La convulsion sera artistique ou ne sera pas.
Bien sûr, c'est imparfait, mais qu'existe-t-il de parfait ?
Alors, écoutez et ne vous retournez pas.
Théorie : Le rock'n'roll est un art de vivre
Art dangereux, puisqu'art de mourir aussi.
Manifeste : seules les cicatrices que l'on s'inflige soi-même valent la peine.
Et ce dernier mot possède ici tout son sens.
Vivre le rock'n'roll, ça veut dire ne pas avoir besoin d'écouter.
James Dean tendant la main à Natalie Wood sur le bord d'une falaise usée
Signifie plus que tous les disques de Nirvana ou de je ne sais quoi
Alors, hypothèse : Ian Curtis hurlant « decades » en pleine crise d'épilepsie
était le premier d'entre tous
Histoire: nous sommes nés curieusement un jour de 1972
Le premier son que nous entendîmes fut un rôt.
L'iguane inventait « Raw power » et rien ne serait plus jamais pareil
Les premières couleurs que l'on vit furent noir et rouge, elles seraient à nous à tout jamais.
Rockänroll est plus révolutionnaire que la révolution.
Rockänroll baise cinéma, littérature, théâtre, peinture.
Rockänroll ne peut mourir puisqu'il n'est que pur esprit.
Madonne de cuir noir motorisée, filant sur l'autoroute à contresens.
Déclaration : 2008 ne doit pas être une pâle copie de l'année précédente.
Le nouvel âge est déjà là, il n'y a qu'à trouver l'issue.
Il faut faire quelque chose maintenant.
Nous avons passé assez de temps à nous regarder dans les miroirs.
Assez de temps à dire des choses que nous ne pensions pas vraiment en essayant de faire de jolies phrases. Ça ne m'amuse plus. Ça ne peut plus nous amuser. La vie n'est pas ce qu'on nous faisait croire.
Ceux qui nous trouvent ridicules sont si vains.
Ceux qui nous croient puérils sont si vieux.
Nous sommes des boat people et quand la tempête soufflait , nous étions sur les mers.
Alors que peut-il nous arriver ? De quoi devrions-nous avoir peur ?
Il suffit de choisir. Maintenant.
Je me baisse sur le trottoir où brille une étoile argentée, alors je la ramasse et je la jette tout en haut dans le ciel, mais il n'y a plus de bruit.
Je me baisse sur le trottoir où brille une étoile argentée, alors je la ramasse et je la jette tout en haut dans le ciel, mais toujours pas de bruit.

---

La genèse de « Tutti frutti » par David De Coster

Un jour, un journaliste a fait une chronique tiède de notre album « Seconde Peau ». Il y qualifiait notre travail d' électro littéraire. On ne l'a pas pris pour un compliment. On peut faire de l'électro et aimer la littérature, sans pour autant avoir envie de se faire estampiller d'une si bancale appellation. Mais on s'est dit que ce serait plutôt drôle de se laisser prendre au jeu suivant. Pourquoi ne pas être là où on nous attend ? Pourquoi ne pas se mettre à faire ce que d'autres ont décrété qu'on faisait ? On s'est donc attelé à la tâche de la réalisation d'un morceau d'électro littéraire. Au final, il est franchement plus rock&roll qu'électro – et qui s'en plaindra ?

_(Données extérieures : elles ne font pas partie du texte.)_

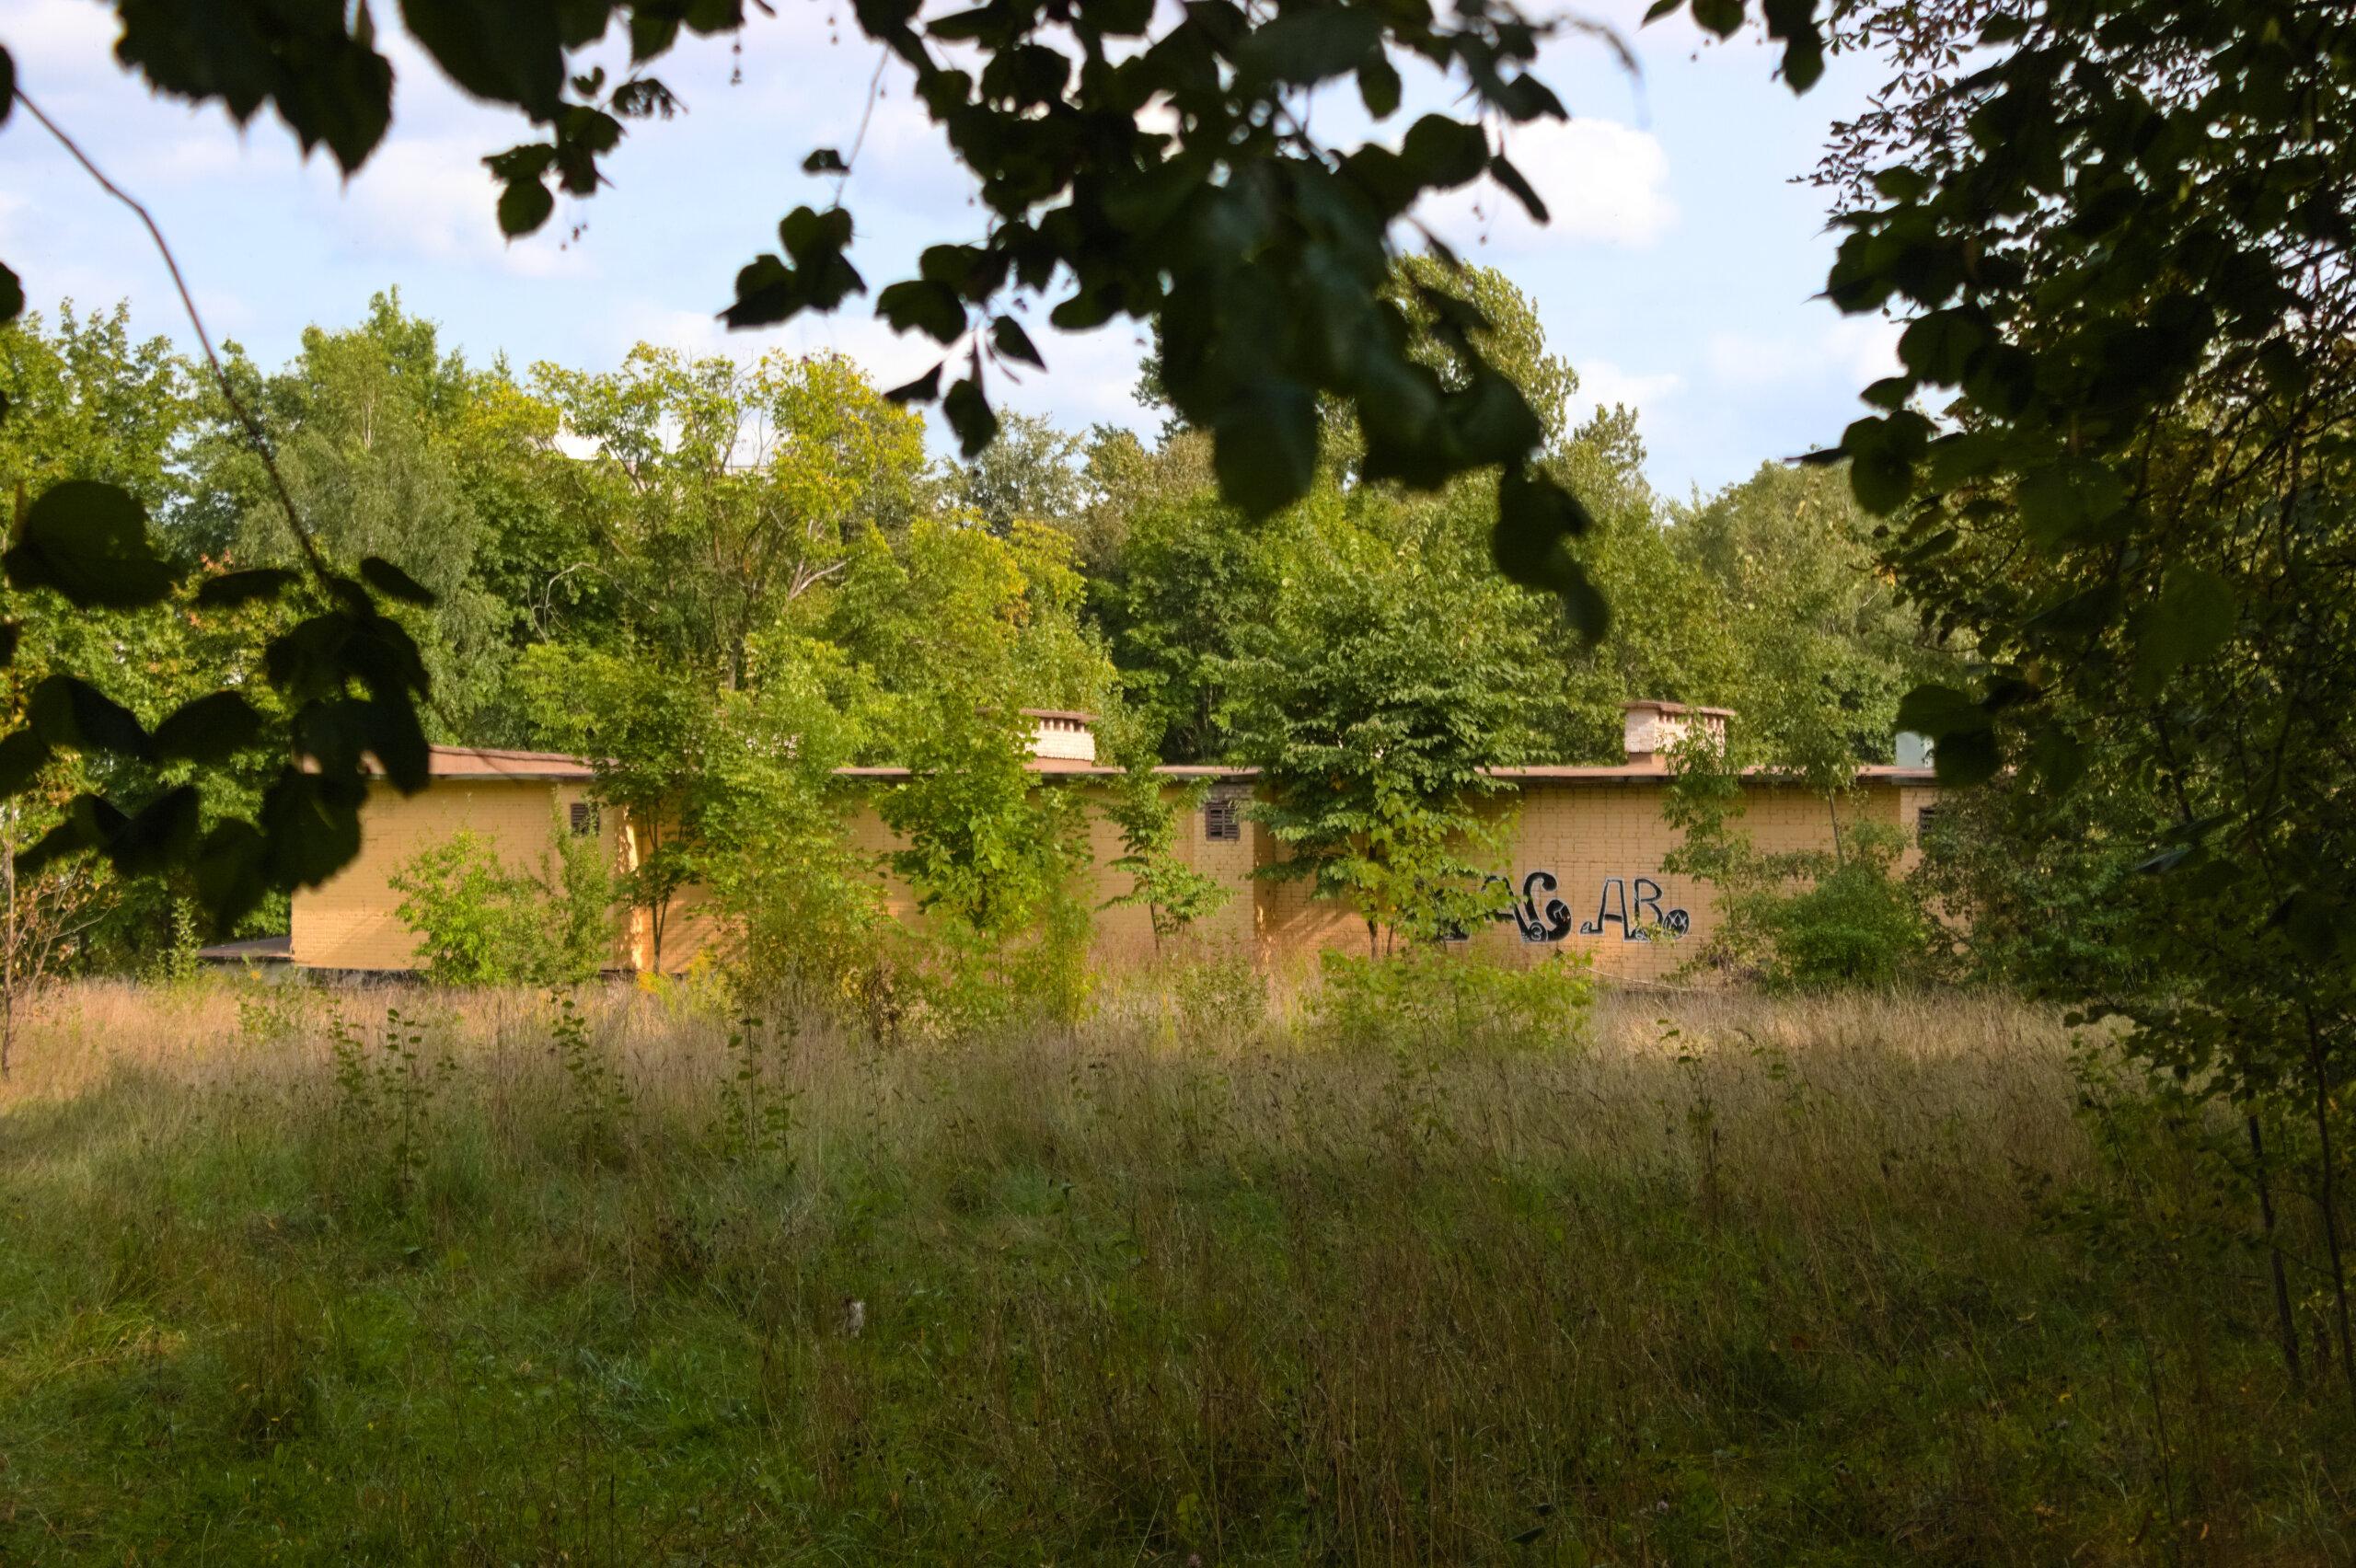 Карцер Шталаг 352, бывшее овощехранилище

Nathan avait, à ma demande, réalisé un instrumental qui illustrait la dernière virée en bagnole de Jackson Pollock. Ce soundtrack était tellement complet que je peinais à écrire quoi que ce soit qui l'accompagne. Pas moyen de laisser tomber non plus, vu que le morceau me plaisait vraiment beaucoup. On a commencé à le travailler en répétition et j'avais pris quelques bouquins avec des textes que je voulais lire dessus, en attendant de pondre mon texte. Il y avait des trucs de Ferlinghetti, Ginsberg, Lamantia, Bukowski et… Daniel Darc, ancien chanteur de Taxi Girl, à ses heures traducteur de Burroughs et Ferlinghetti, et qui a une prose pas très éloignée de celle des cousins beat.

En fin de compte, c'est un des textes de Daniel qui y collait le mieux ("Lookin' for a Jew - death to music bizz" éditée par le micro-éditeur rouennais "Derrière la salle de bains"). En particulier un passage sur le Tutti Frutti de Little Richard et sur le rock&roll en général. Le reste… bah le reste était littérairement très bien, mais ne collait plus au morceau. J'ai écrit quelques petits trucs autour, mais rien de bien épais ou d'assez dense. Puis, vu que c'est un des leitmotivs du bonhomme Darc, je suis allé glâner tout un tas d'autres textes à lui sur le rock : des notes de pochettes des albums "Sous influence divine" & "Parce que", des notes de pochette du maxi-45t de Taxi Girl "Nous sommes jeunes nous sommes fiers" et une impro vocale sur le morceau "Nijinsky" Après, j'ai fait un cut-up de tout ça.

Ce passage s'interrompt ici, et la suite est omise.